#### RECORDS FOR THE TASK:

::::::

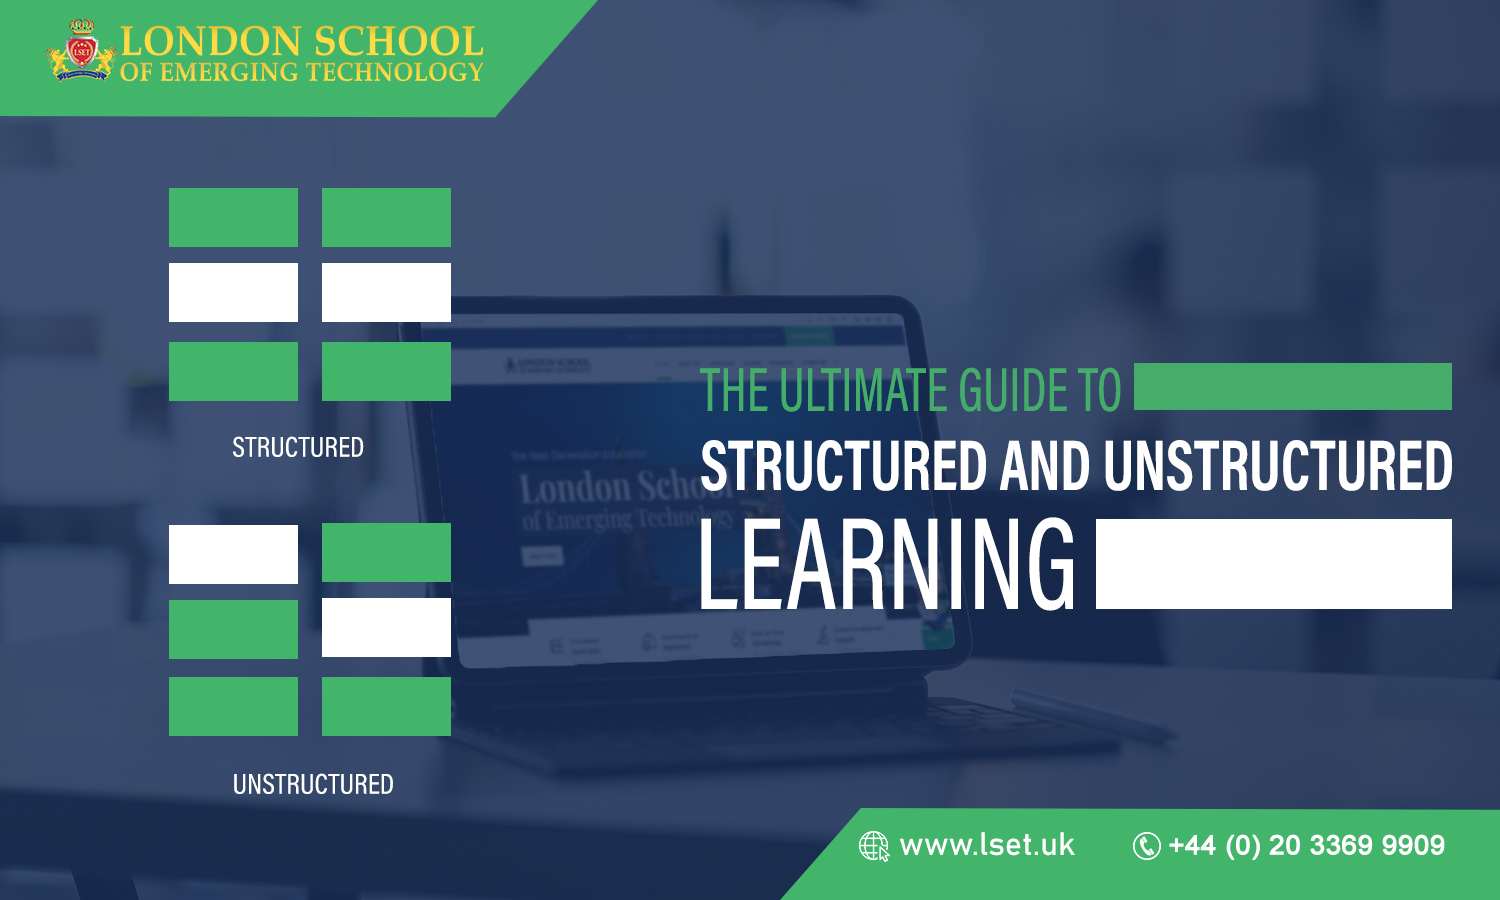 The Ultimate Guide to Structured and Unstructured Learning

::::::

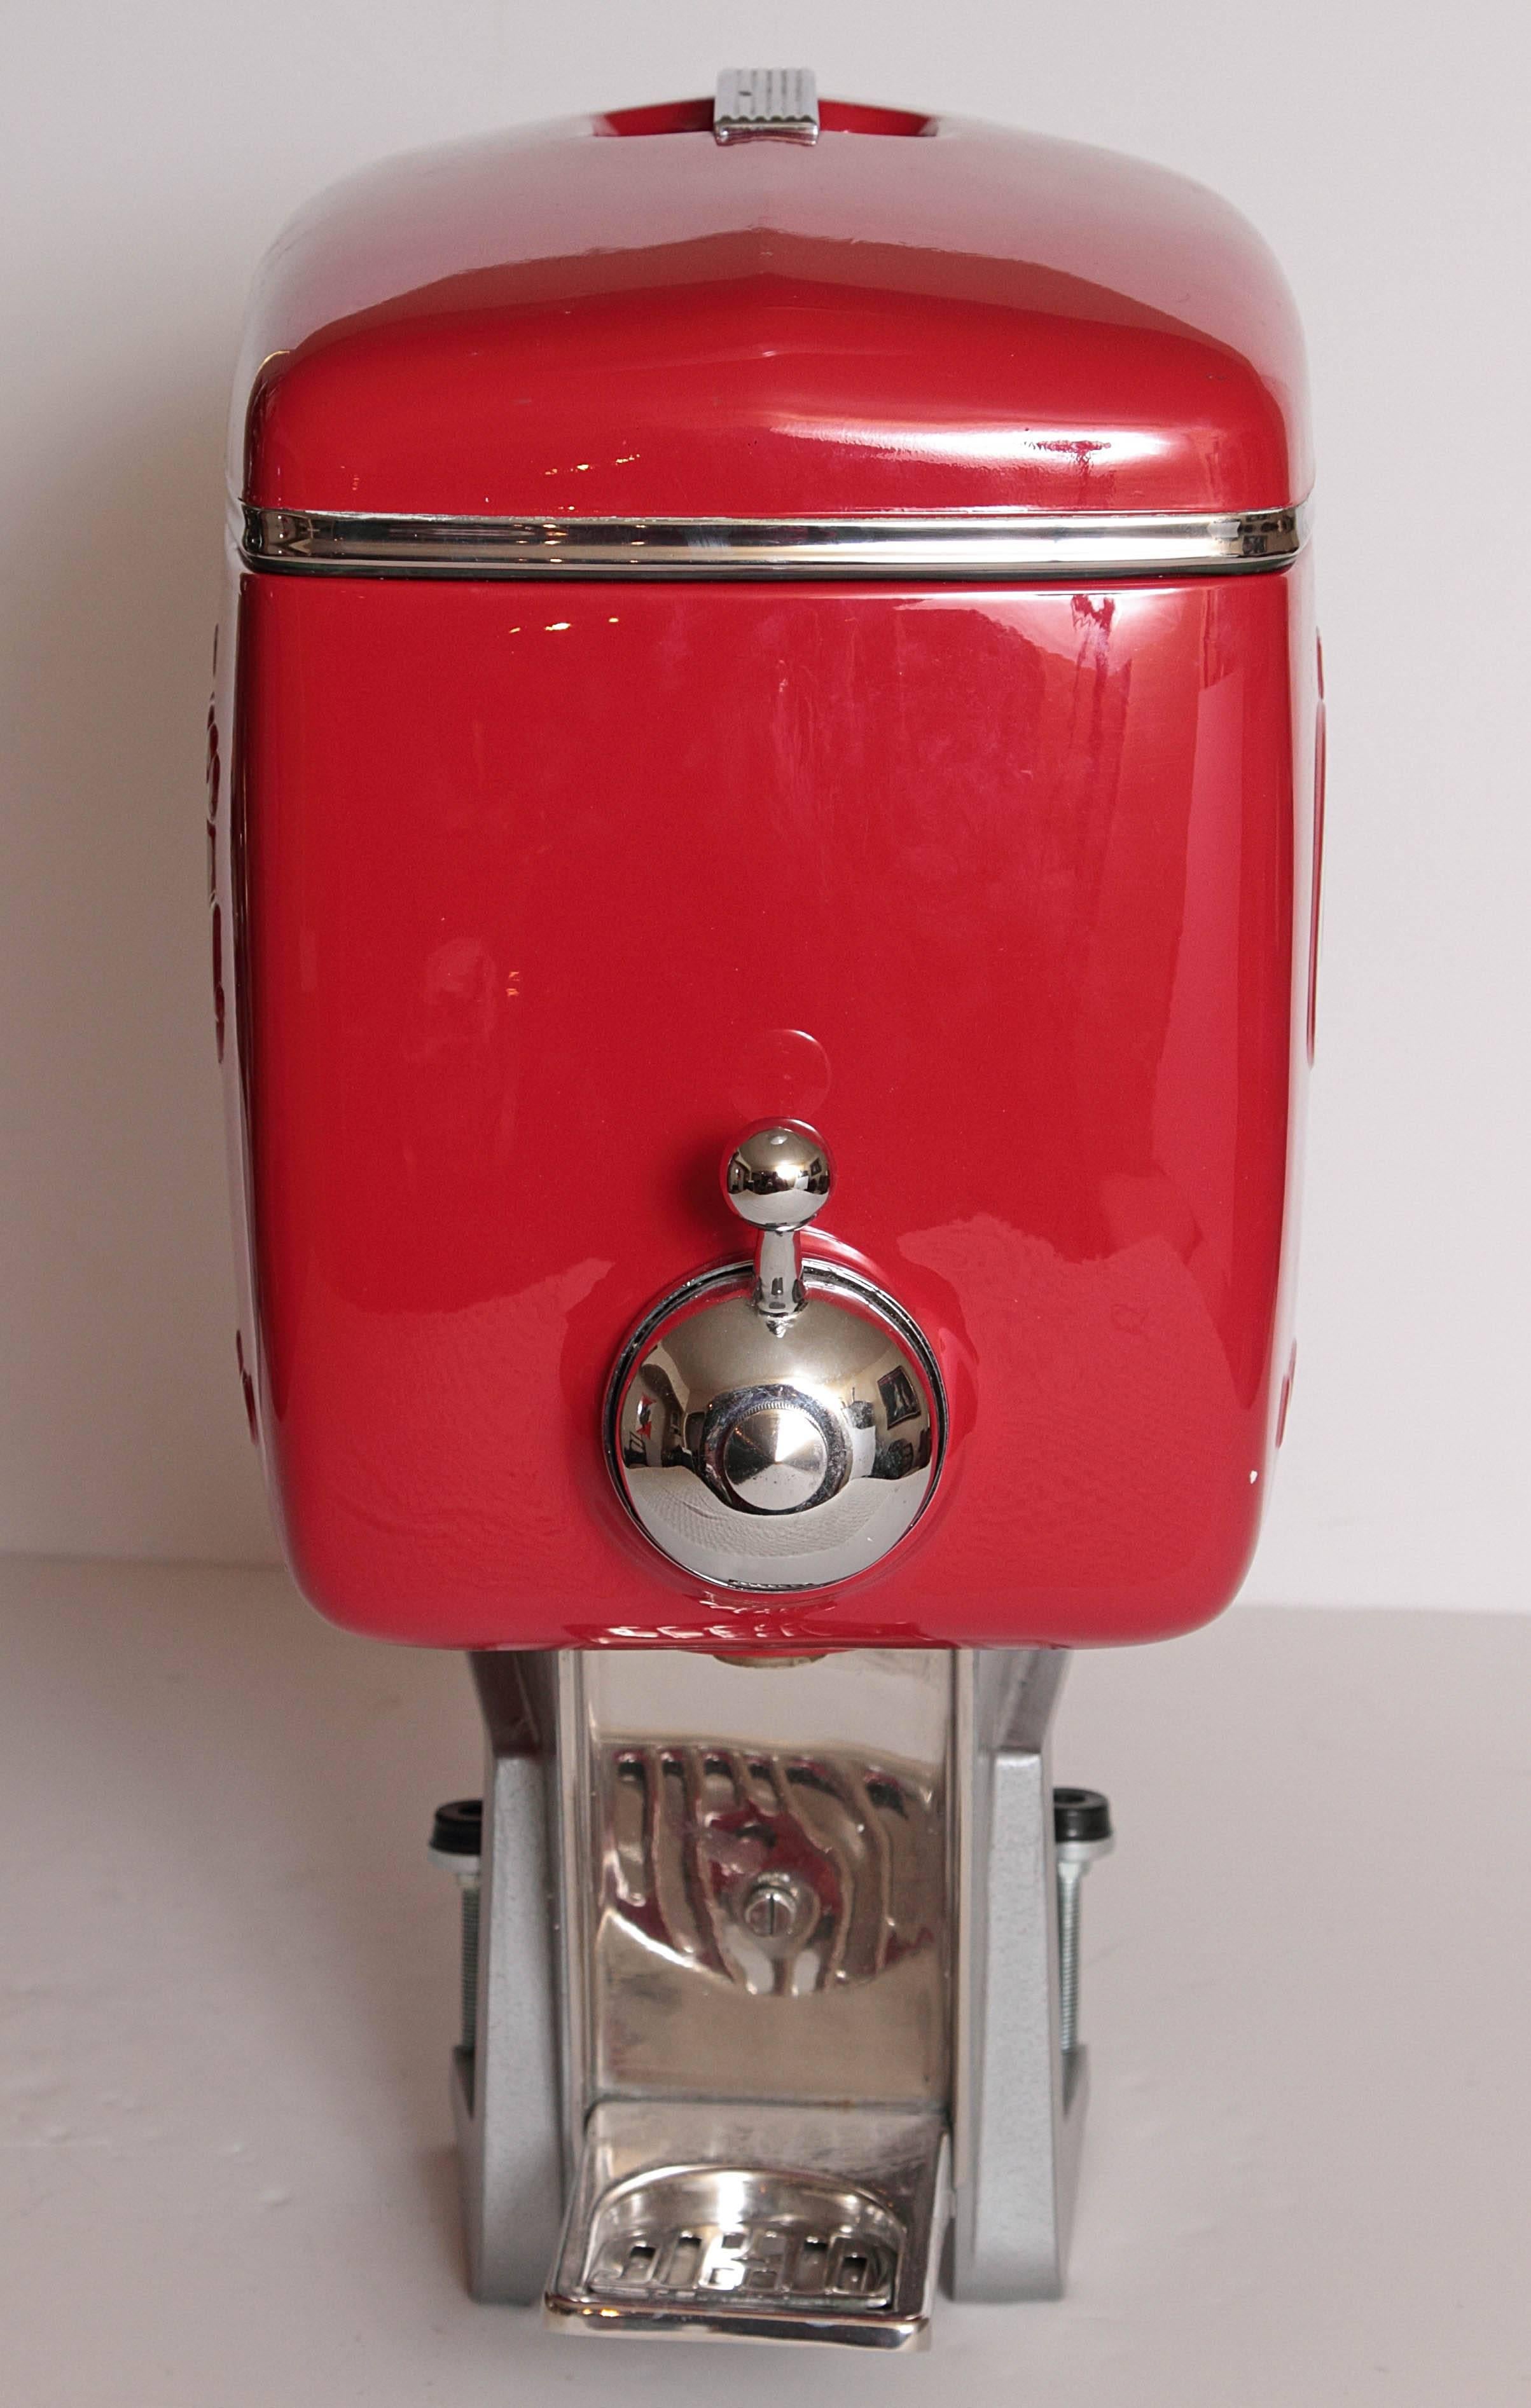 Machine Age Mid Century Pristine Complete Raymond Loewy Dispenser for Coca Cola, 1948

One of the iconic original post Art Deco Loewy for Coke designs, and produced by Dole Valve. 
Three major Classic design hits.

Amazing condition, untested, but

::::::

#### WORK TO COMPLETE:
From the entries above, restate word for word the lines from the line containing "One of the iconic" to the line containing "Amazing condition, untested, but", both ends included, and nothing more.

#### ANSWER SECTION:
One of the iconic original post Art Deco Loewy for Coke designs, and produced by Dole Valve. 
Three major Classic design hits.

Amazing condition, untested, but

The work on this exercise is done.